Building the contents list
[watch this space... I know how to do it, but it takes bloody ages to write it up sensibly. I suppose it'll be worth it in the end.]
Footnotes
1. I use the terms "contents list" and "index" fairly interchangeably. There is little call for formal indexes in web pages since the text is essentially searchable on far more terms than would ever be included in a written index. However, when it comes to the actual linking code, "index" seems the better choice.
2. I believe much of this advice is outdated. In the early days we were all very concerned with clickable buttons and page-turners to give something of the feel of the printed book, but with greater familiarity and the availability of better tools and better screens, we've grown more accustomed to reading long texts and are better equipped to do so.
3. Of course this technique will mean that headings are by default displayed in bright blue in most browsers, or bright red for visited links. That is unless the style is overridden by the site designer. Many people (including myself) would prefer headings were not bright blue or red, so we write our style sheet to overcome this. But this means that while on the one hand we provide an aid to navigation, on the other hand we remove a strong visual clue to its existence. Once discovered, the fact that headings link back to the contents list will be found to be useful in long documents, so we hope that the reader will forgive us for breaking this particular rule of page accessibility.
4. If we used plain paragraphs or a table (as one might think would suit a table of contents) we would soon find that on the one hand we were limited when it came to showing nested subheadings, and on the other we had let ourselves in for much more complication than we need.

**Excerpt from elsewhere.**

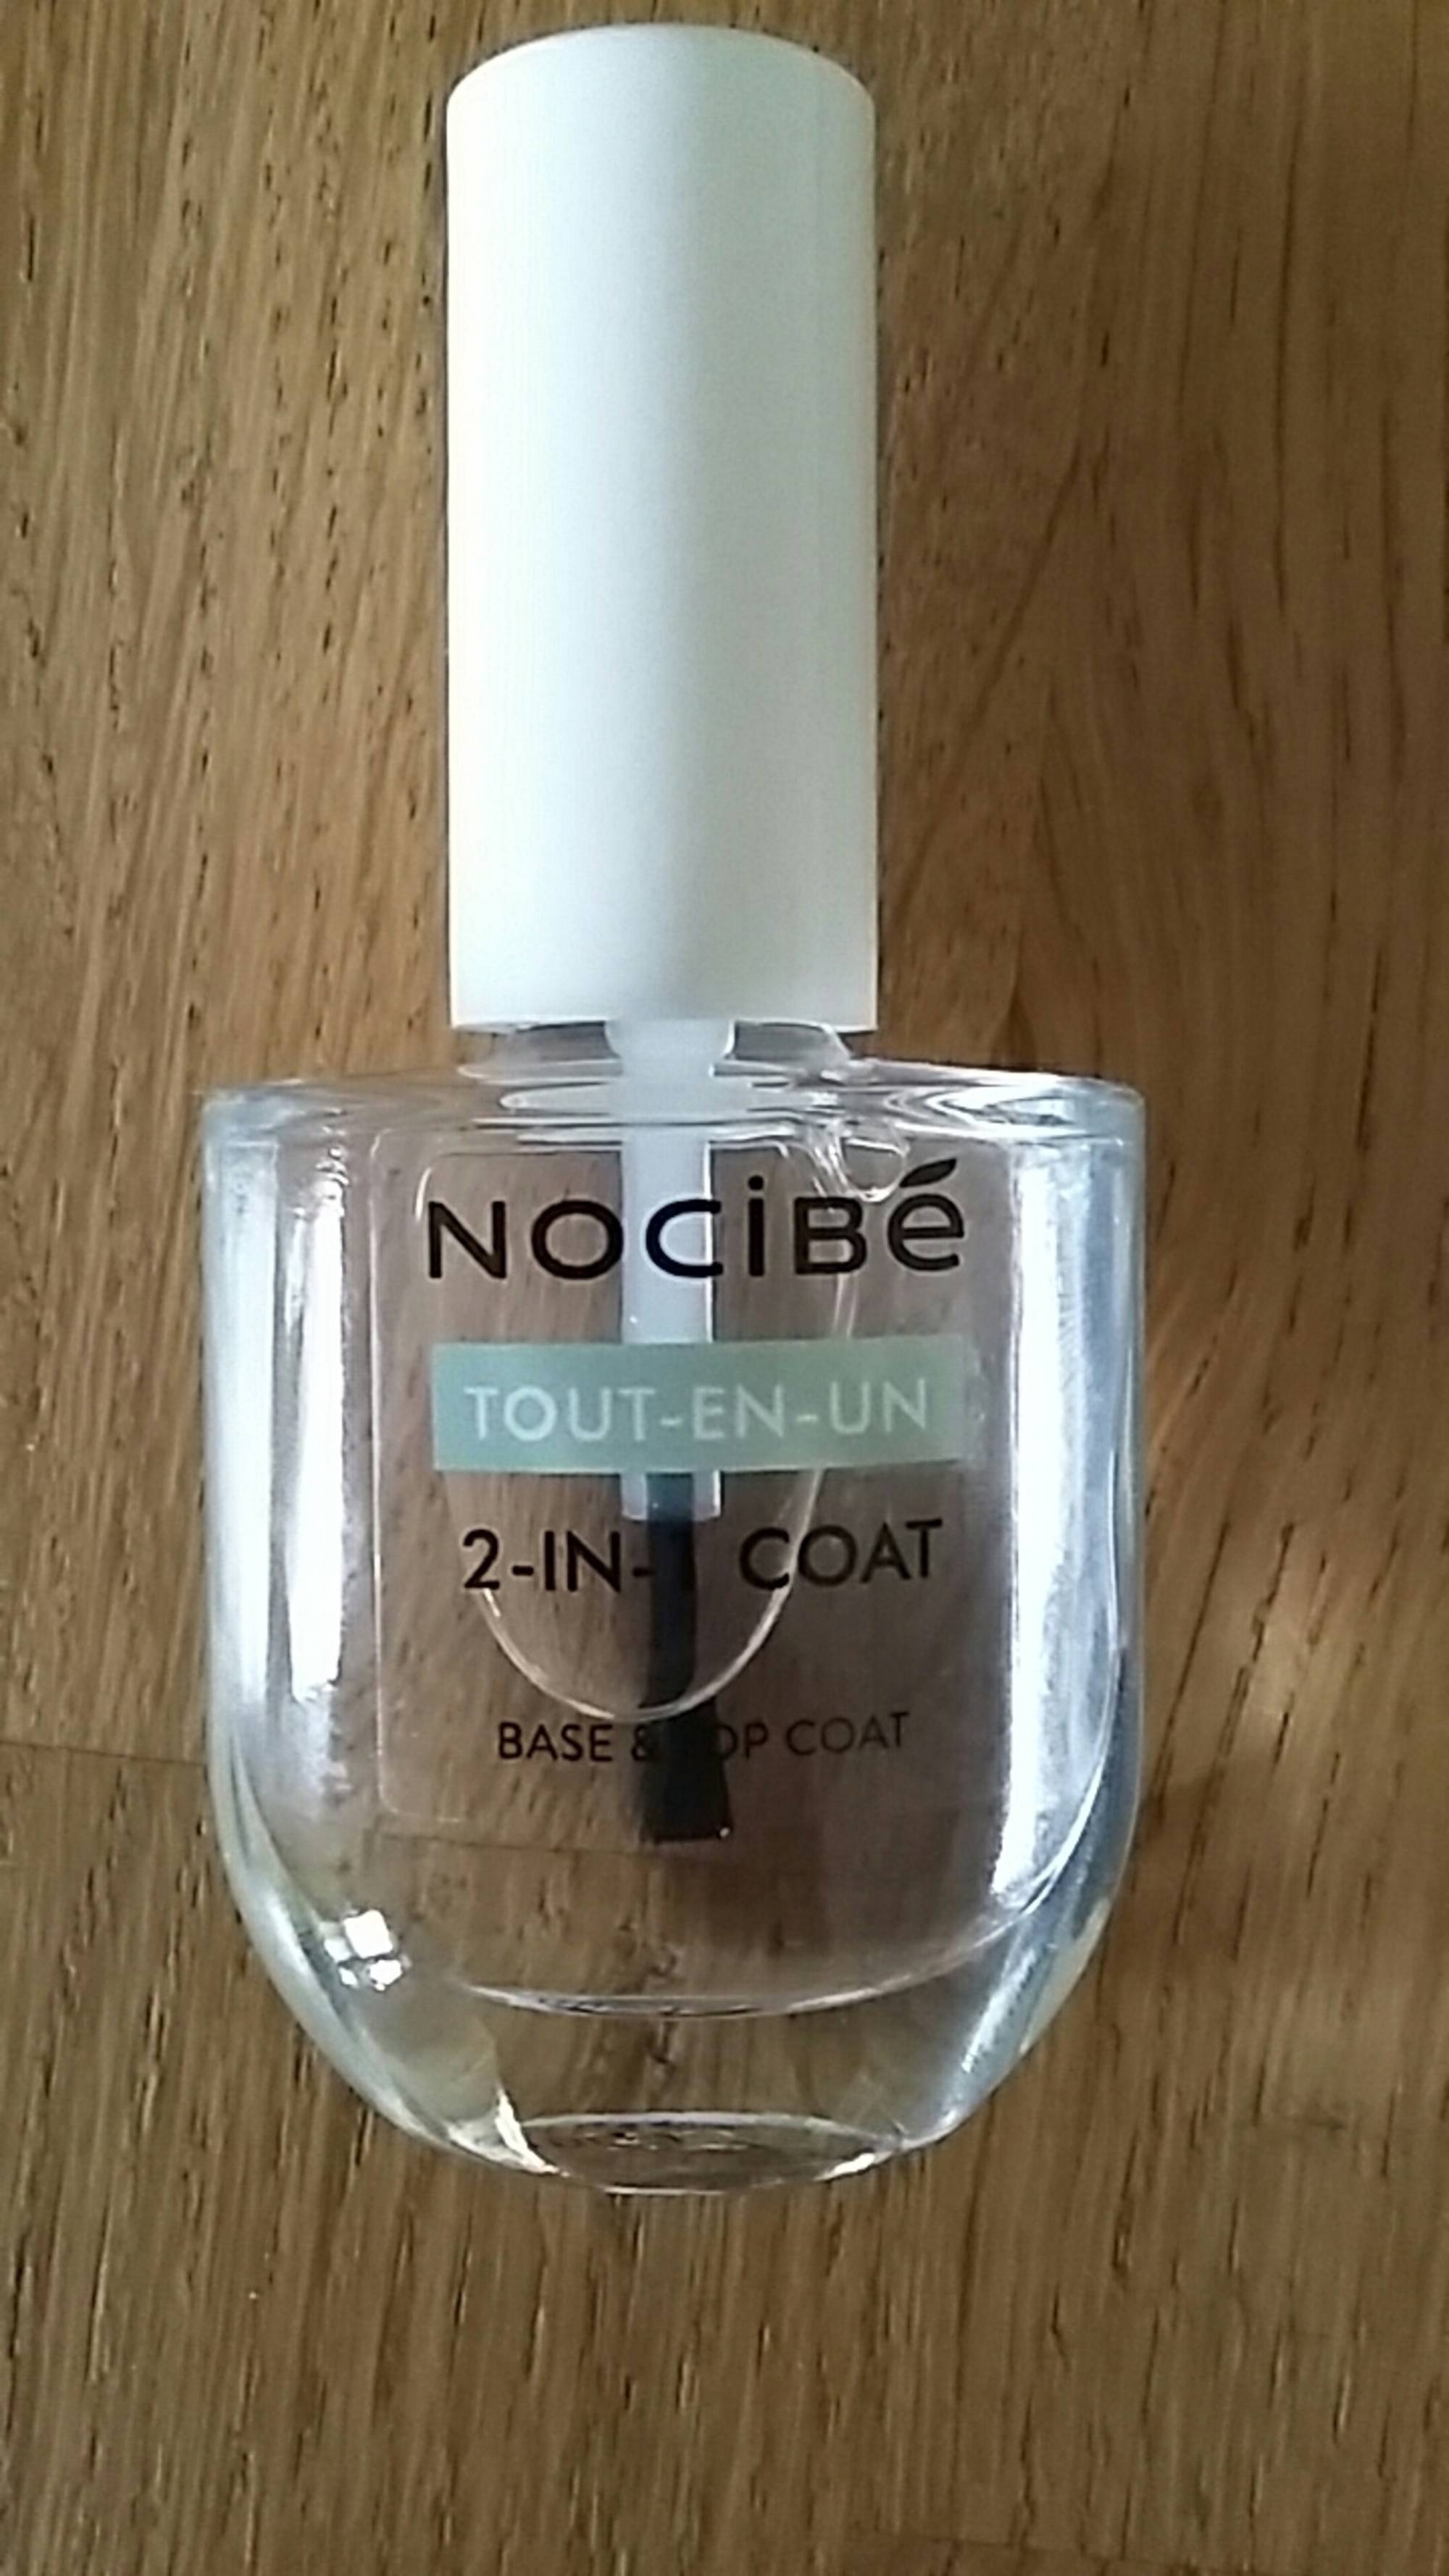 NOCIBÉ - 2 in 1 Coat - Base & top coat

5. Handling long documents is another reason to make sure that the tools in use are the best for the job. If a text editor is preferred (and it certainly is here) it should allow us to work with the text unwrapped—each paragraph a separate line—and should be capable of reformatting text in various ways.
6. We try to make sure that we are as consistent as possible, so that if we use one naming convention for something then we should use the same convention for something similar. In this case I've appended "ref" to the id and name values when these are the values in the referring link rather than the object being referred to. This is the same convention as with footnotes.
7. I have worked on hundreds of long complex multi-level documents and have never required the use of a level 6 heading.